The receptors were first named in 1981 when their distribution in the CNS was determined, which was determined by Norman Bowery and his team using radioactively labelled baclofen.[3]


GABABRs stimulate the opening of K+ channels, specifically GIRKs, which brings the neuron closer to the equilibrium potential of K+. This reduces the frequency of action potentials which reduces neurotransmitter release.[citation needed] Thus GABAB receptors are inhibitory receptors.

GABAB receptors also reduces the activity of adenylyl cyclase and Ca2+ channels by using G-proteins with Gi/G0 α subunits.[4]

GABAB receptors are involved in behavioral actions of ethanol,[5][6] gamma-hydroxybutyric acid (GHB),[7] and possibly in pain.[8] Recent research suggests that these receptors may play an important developmental role.[9]

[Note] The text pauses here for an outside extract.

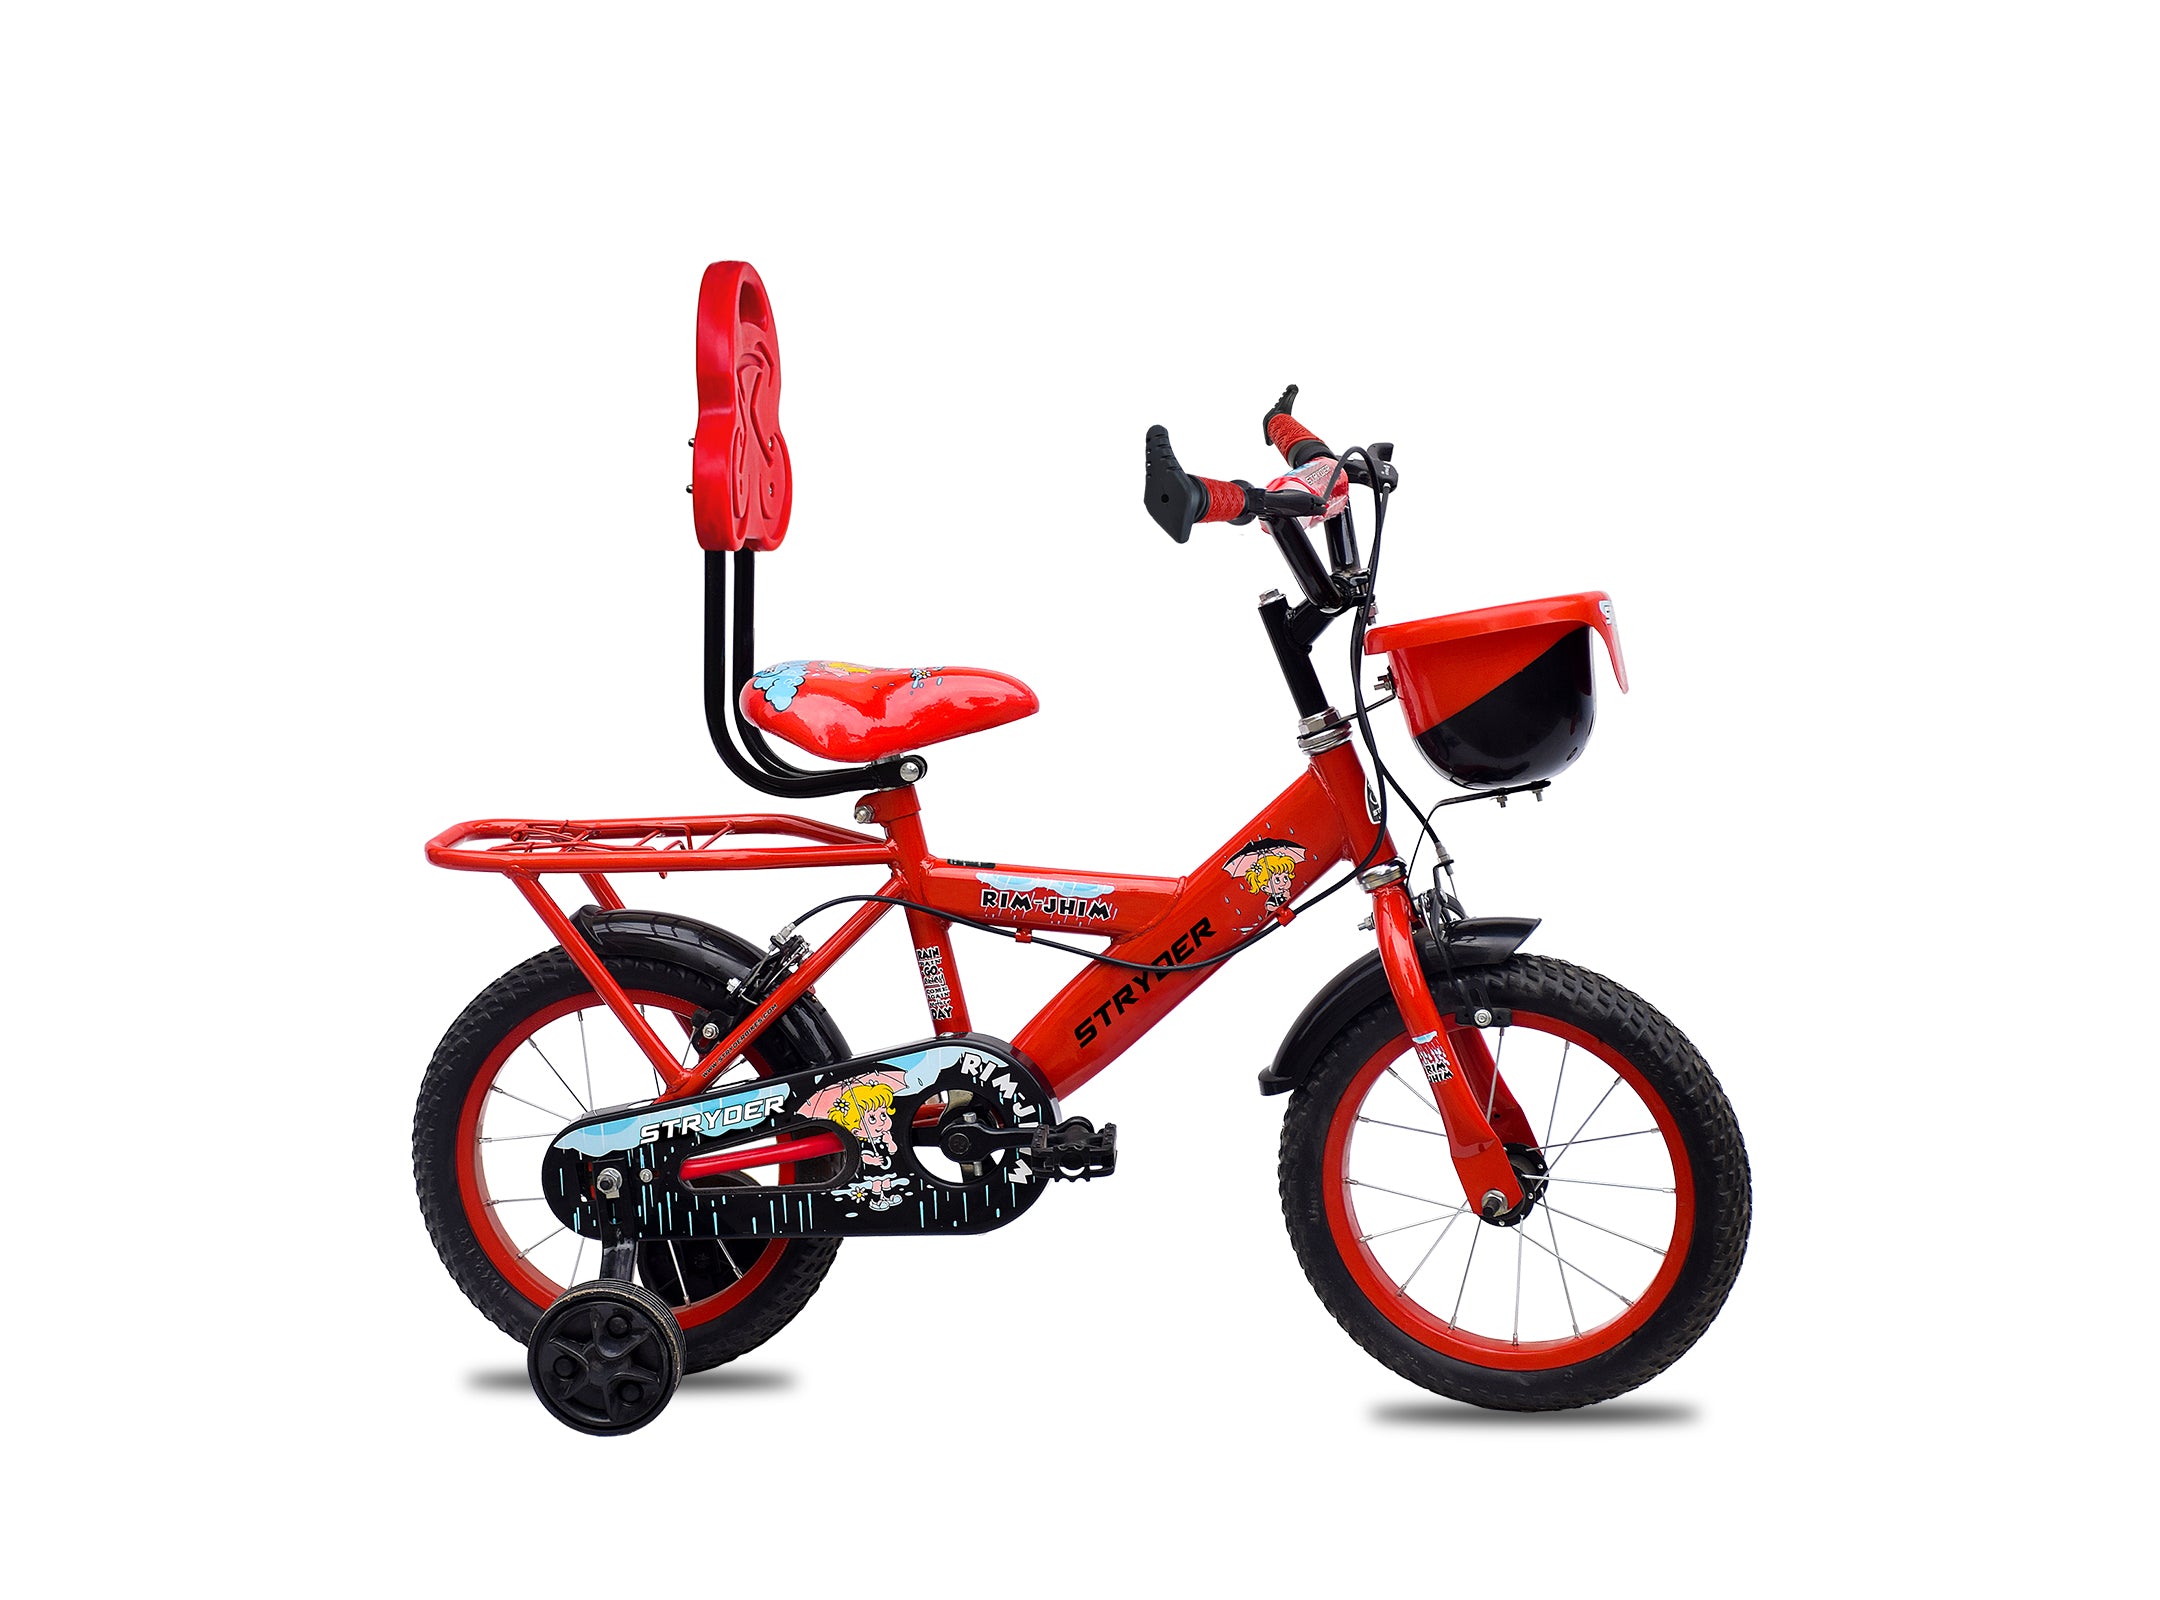 Boys Bicycle Buy Kids Bike Online at Best Price Stryder Bike

Receptor dimer, inactive apo state, cartoon representation


GABAB Receptors are similar in structure to and in the same receptor family with metabotropic glutamate receptors.[10] There are two subunits of the receptor, GABAB1 and GABAB2,[11] and these appear to assemble as obligate heterodimers in neuronal membranes by linking up by their intracellular C termini.[10] In the mammalian brain, two predominant, differentially expressed isoforms of the GABAB1 are transcribed from the Gabbr1 gene, GABAB(1a) and GABAB(1b), which are conserved in different species including humans.[12] This might potentially offer more complexity in terms of the function due to different composition of the receptor.[12] Cryo-electron microscopy structures of the full length GABAB receptor in different conformational states from inactive apo to fully active have been obtained. Unlike Class A and B GPCRs, phospholipids bind within the transmembrane bundles and allosteric modulators bind at the interface of GABAB1 and GABAB2 subunits.[13][14][15][16][17][18][19]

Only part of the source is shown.